In politically unstable countries, the statistician's job becomes even harder. Corruption can lead governments to manipulate data in their favor. Wars and extreme weather events, meanwhile, force people to flee their homes, shortening the shelf life of counts. "Even if you do manage a census," Rogenhofer said, "those people might not be there later."
Progress towards the 17 SDGs is measured by 244 progress indicators, 12 of which are the same but cover multiple goals
A 2016 report by NGO Open Data Watch estimated that $3 billion of overseas development aid must be spent on statistical systems each year — five times more than current levels — in order to meet SDG data demands in developing countries.
"The issue of the SDGs is critical," said Zachary Mwangi, director general of Kenya's national statistics bureau. "The indicators require we leave no one behind. That requires greater disaggregation of data."
It is often impossible to break national figures down to a local level — even for the SDG indicators which do have data. In these cases country-wide averages can obscure regional inequalities.
"In Kenya, areas in and around the capital Nairobi have relatively low poverty," said Homi Kharas, economic adviser at NGO World Data Lab. "But in the North-East and parts of Western Kenya, the absolute number of extreme poverty remains very high. Progress is too slow to end poverty by 2030."
For Kenyan statisticians, this means going from house to house, village to village, and knocking on doors to ask questions. "We use local people on the ground, we train them," said Mwangi. But tight budgets mean such an expensive operation is not an option for many governments. "We need to be more creative in finding new data sources."
Bangladesh houses the largest refugee camp in the world. Its half a million inhabitants are at risk of disease and flooding
Edith Rogenhofer, the MSF worker, counts houses in Bangladeshi refugee camps — from her office in Vienna 7,000 kilometers (4,350 miles) away. She uses satellite images of shelters to estimate how many people live in the camps. The charity then uses the data to organize and direct humanitarian relief, such as water and medicine, where it is most needed.
"The important thing to keep in mind is refugee camps are not static," said Rogenhofer. "Every day people are arriving, people are leaving and people are moving within camps. The population is constantly changing. In October we counted 76,931 houses. In December there were 109,820."
Tracking flows of people from within the camps is arduous and often inaccurate. "Of course it's something you see on the ground," she said. "But there it's just too much, it's overwhelming."
In recent years, MSF has combined satellite data with on-the-ground ethnologists to map difficult regions. It is one of many alternative data sources deployed by aid workers to target resources in the absence of official statistics.
The potential of Big Data in particular has captivated the imaginations of the development community. A UN pilot project in Uganda, for instance, collects public concerns about development issues by analyzing radio phone-in shows. In Bangladesh, a study has combined cellphone data with agricultural information to predict regional poverty.

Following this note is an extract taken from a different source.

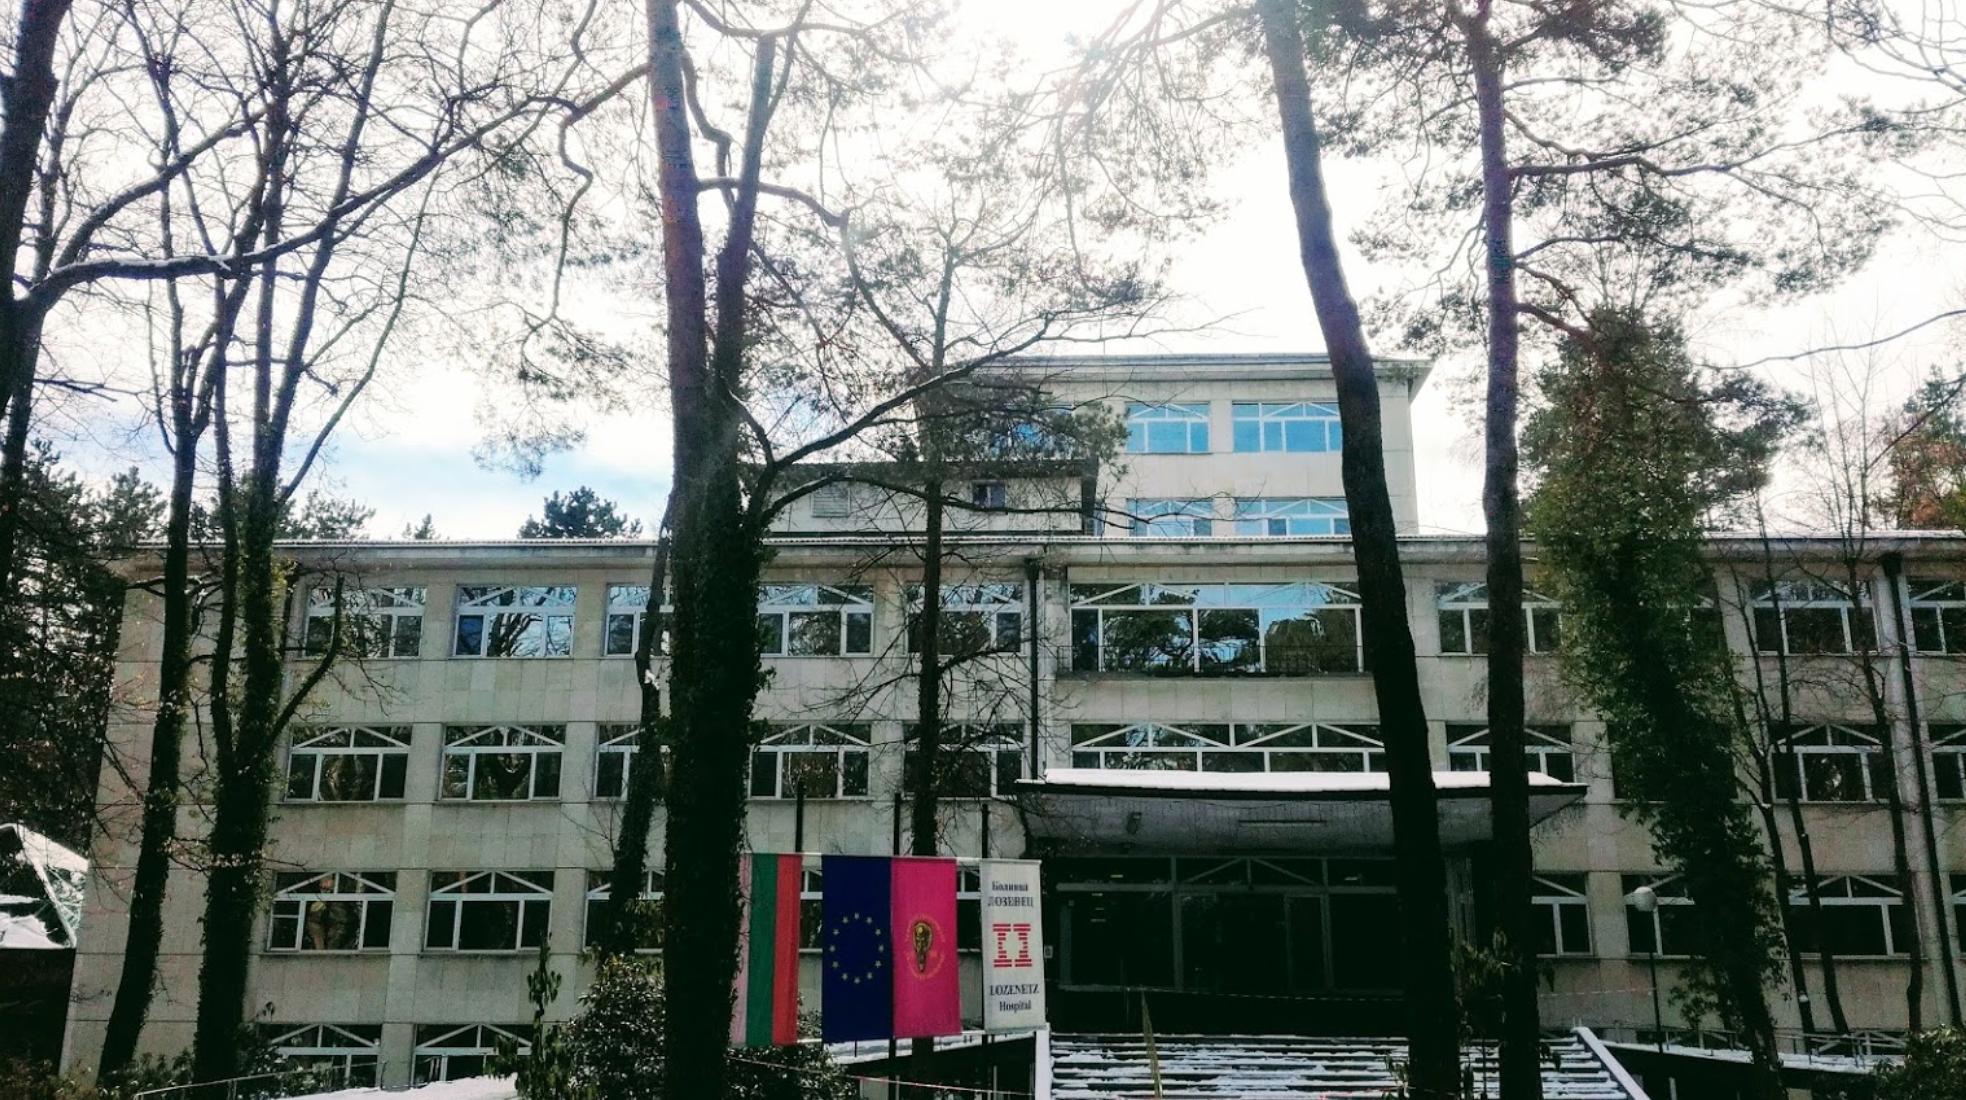 Bulgária VIP kórházában illegális szervkereskedelem miatt váltották le a vezetést

In Namibia, the health ministry has used similar datasets to fight malaria. In 2013, officials tracked population movements with cellphones and mapped mosquito breeding grounds with satellite images. They disrupted the infection cycle by distributing nets to the 80,000 citizens most at risk.
"What Big Data can do is provide a very timely insight," said McDonnell. "But they still have to be checked against a formal count somewhere."